Вавила оторвался от молитвы и спросил Корнила:
– Амбары-те ты замкнул ли?
Посмотрев на отца непонимающими глазами, Корнил ничего не ответил.
– Батюшка тебя спрашивает, – поспешно объяснила Лимпея, – Амбары-те ты запер ли на замки?
Корнил вздохнул и, оторвавшись от книги, тихо вымолвил:
– Стало быть, запер.
– Стало быть, запер!.. – передразнил его Вавила, – Слово у те насилу вынудишь!
И взяв руки подмышки, продолжал с вздохом вслух молитву, вкладывая в смысл ее презрение к сыну:
– Помяни Господи в царствие твоем царя Давида и всю кротость его. Слава Отцу и Сыну и Святому Духу! – оборотился на сноху, – А ты чего ждешь? Руки-то сложила.
– Где, батюшка, постель прикажешь стелить тебе сегодня?
– Тамотко, на полатях сегодня лягу, повел Вавила локтем в сторону другой избы. – И ныне и присно и во веки веков, аминь… Господи, помилуй. Господи, прости!

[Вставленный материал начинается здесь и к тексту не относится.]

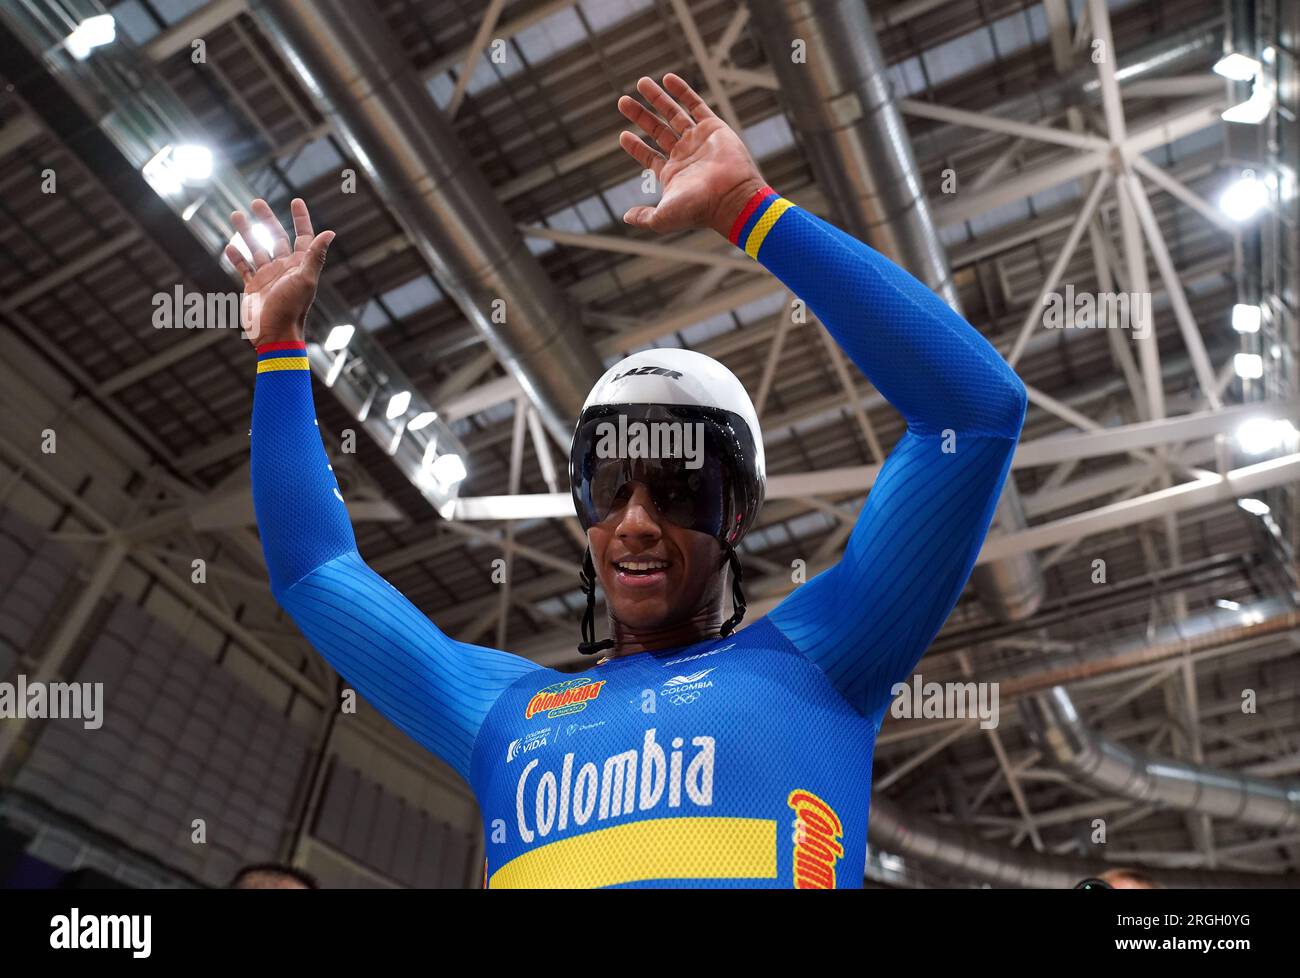 Le colombien Kevin Quintero a remporté la finale Elite Keirin lors de la septième journée des Championnats du monde cycliste UCI 2023 au Vélodrome Sir Chris Hoy, Glasgow. Date de la photo : mercredi 9 août 2023. Banque D'Images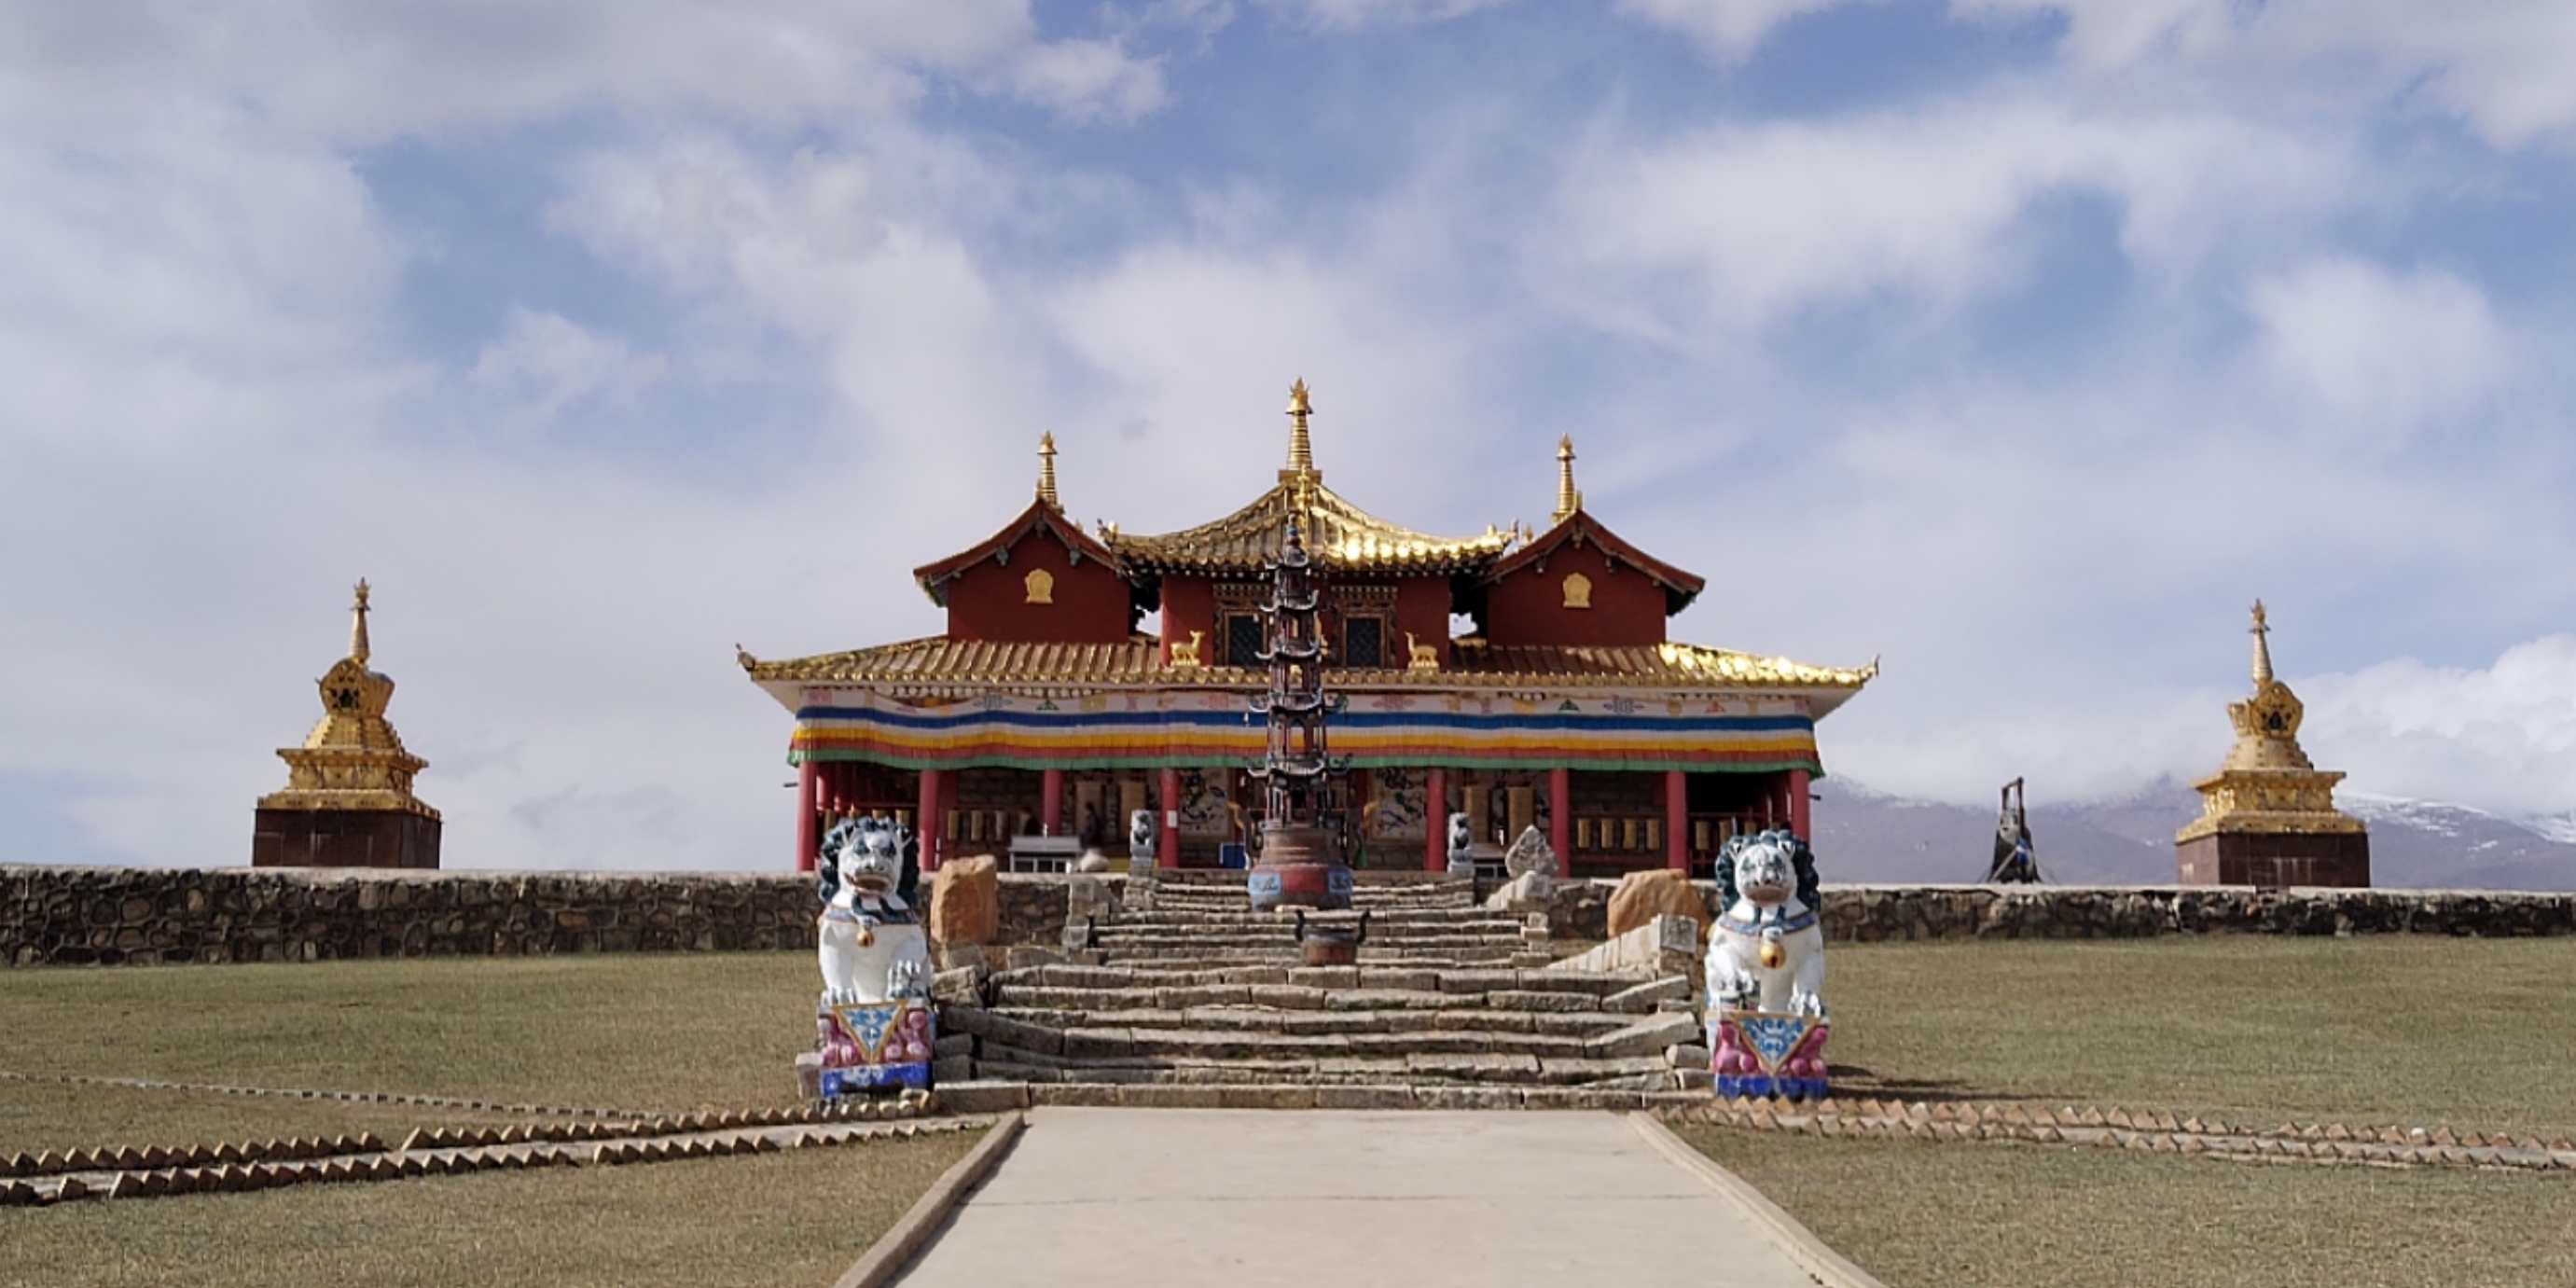 尼泊尔的庙

Пытливо посмотрел в лицо жене Корнил. Она потупила глаза, подошла к кровати, взяла подушку, часть одежды и ушла в другую избу через сени.
Вавила положил земной поклон, перекрестился и, покончив молитву, зорко посмотрел на сына.

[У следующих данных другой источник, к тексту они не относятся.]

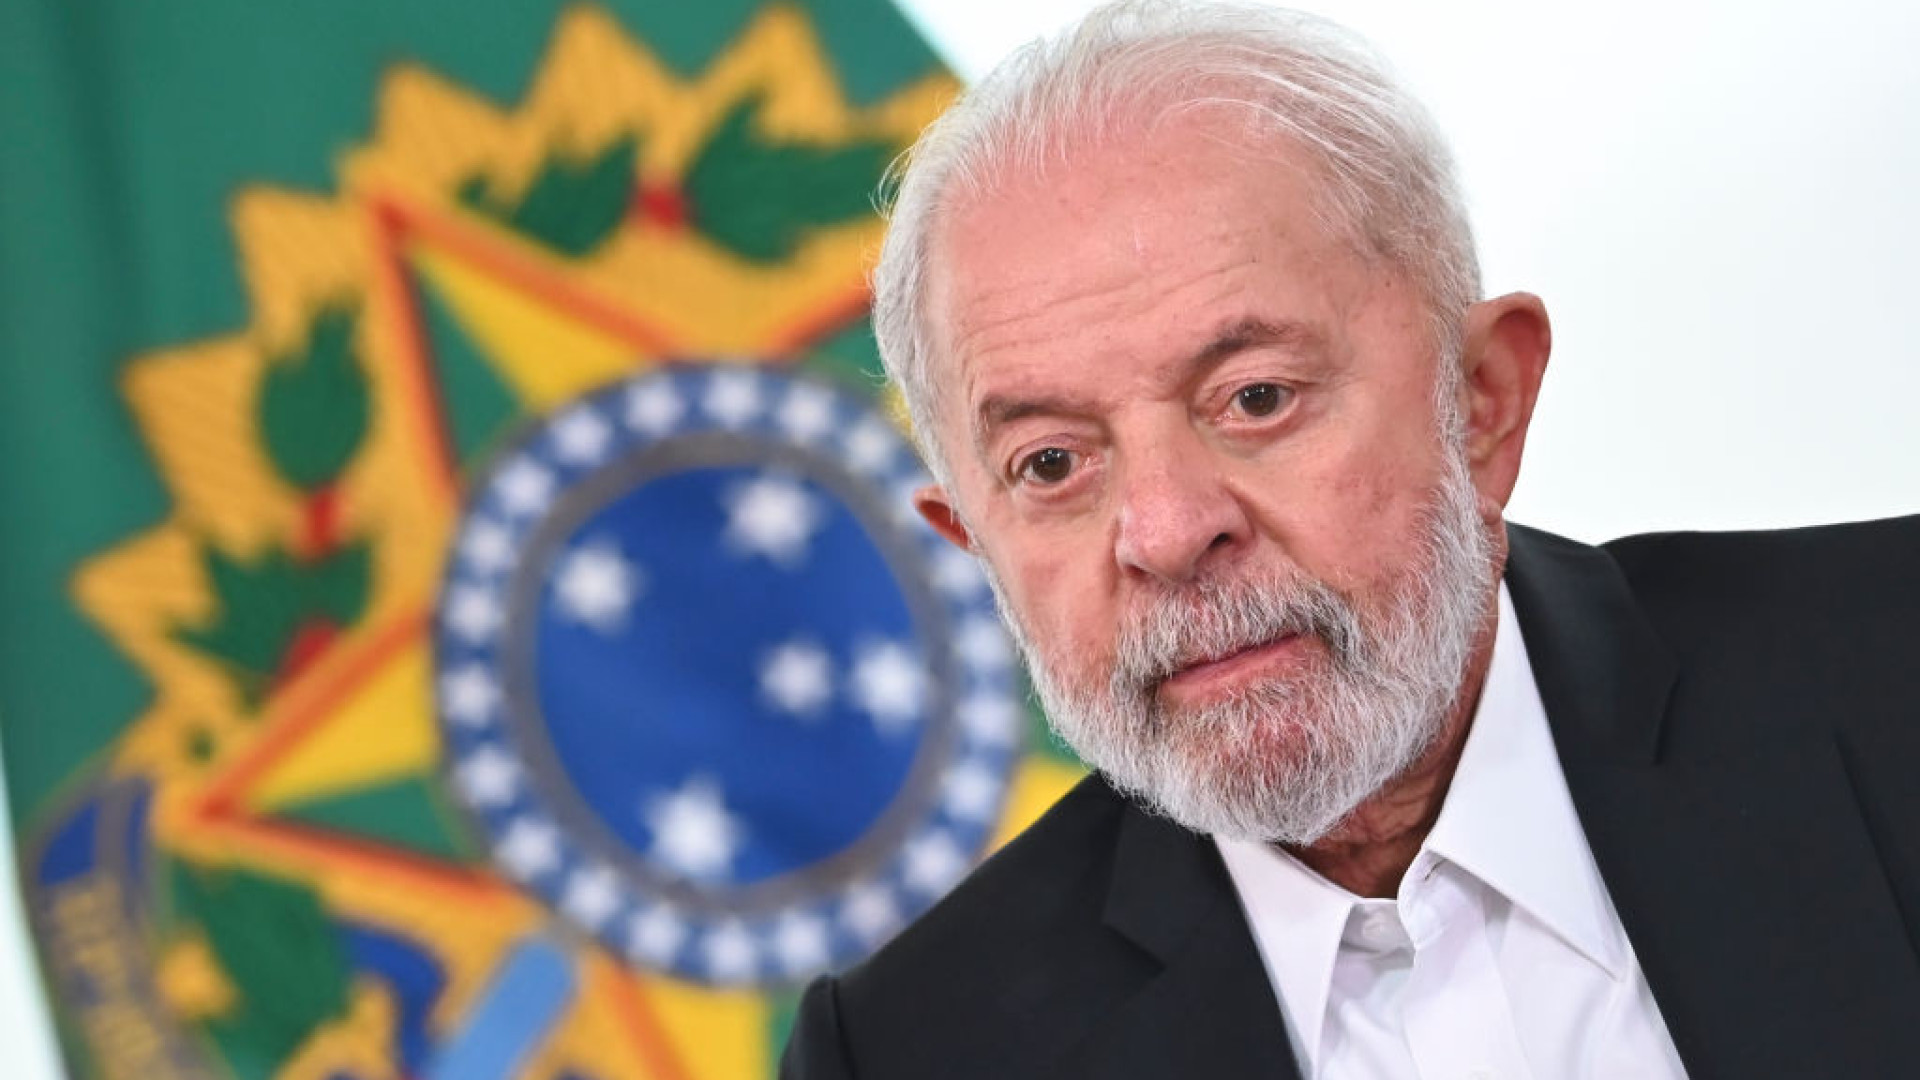 Lula é multado em R$ 250 mil pelo TSE por impulsionar vídeo contra Bolsonaro

– Ложь-ка, неча свет-то жечь. Завтра пораньше надо снег отметывать: ворота завалило. Собаки-то спущены ли с цепи?
– Стало, спущены.
– Стало спущены! Родителю, как отвечаешь? – и Вавила пошел вслед за Лимпеей. – Спи, сказано, ложись! – крикнул он, шагая за порог.
Оставшись один в горнице, Корнил медленно поднялся на ноги и потянулся вслед за отцом. Рот его открылся, глаза расширились, а голова медленно, одним ухом, повернулась к закрытой двери. Как вор, на цыпочках подкрался он к ней и замер, слушая. Открыть же двери и выйти не посмел. Так он стоял долго, пока, наконец, не вздрогнул и, схватив себя за грудь, прошептал чуть слышно:
– Заперлися!..
Полусогнутый отступил он от двери и страдальчески, без слез, заскулил, повторяя:
– Заперлися!
Потом встал на колени перед божницей и вытянул перед собою руки.

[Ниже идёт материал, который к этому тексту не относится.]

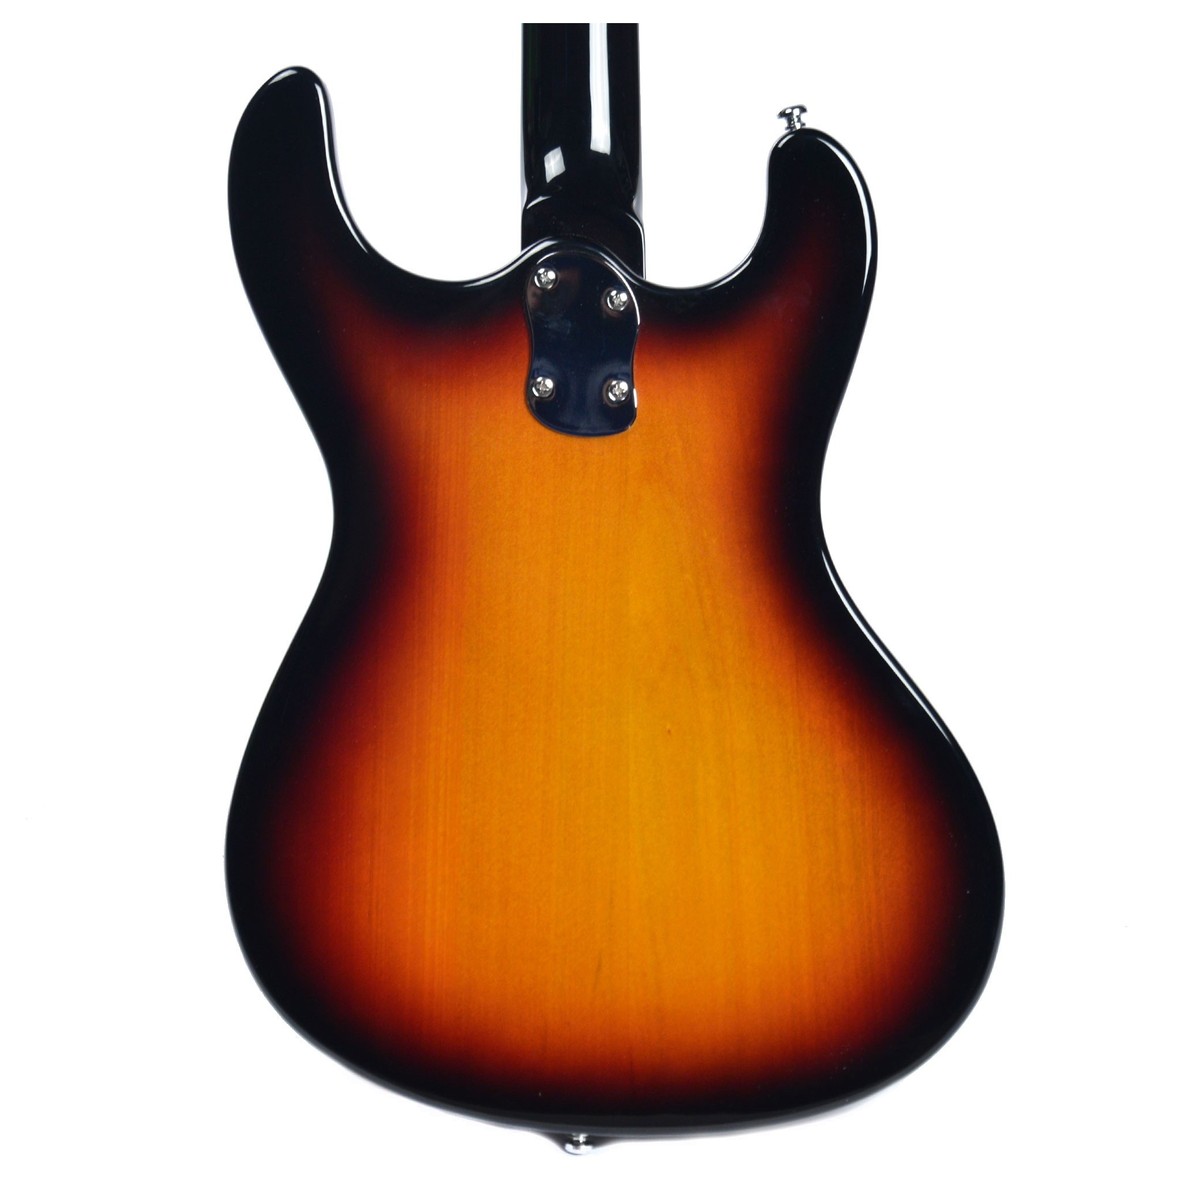 Danelectro The 64 Guitar Hs Trem Rw - Sunburst - Double Cut E-Gitarre - Variation 3

– Господи! Научи. Дай мне крепости… Дай мне, Господи, терпенья. Научи кротости!
Упал ниц, лежа всхлипывал, повторяя все те же слова о кротости, смирении и терпении. А сам, нет-нет, прислушивался, припадал к полу и, пересилив боль, шептал:
– Господи, помилуй!.. Заперлися…
Лимпея вошла в горницу, оправила на голове повязку и, видя мужа на коленях, остановилась у порога в страхе или в изумлении.
Медленно встал на ноги Корнил, отвернулся от икон и, бросившись к жене, страдальчески и кротко зашептал:
– Запирался? Опять запирался!
Переполненная жалостью и ненавистью к мужу женщина сказала:
– Да не терзайся ты! Не изводися. Ну, што же я доспею: спину заставил растирать ему. Я уж и сама не рада жизни этой окаянной здеся…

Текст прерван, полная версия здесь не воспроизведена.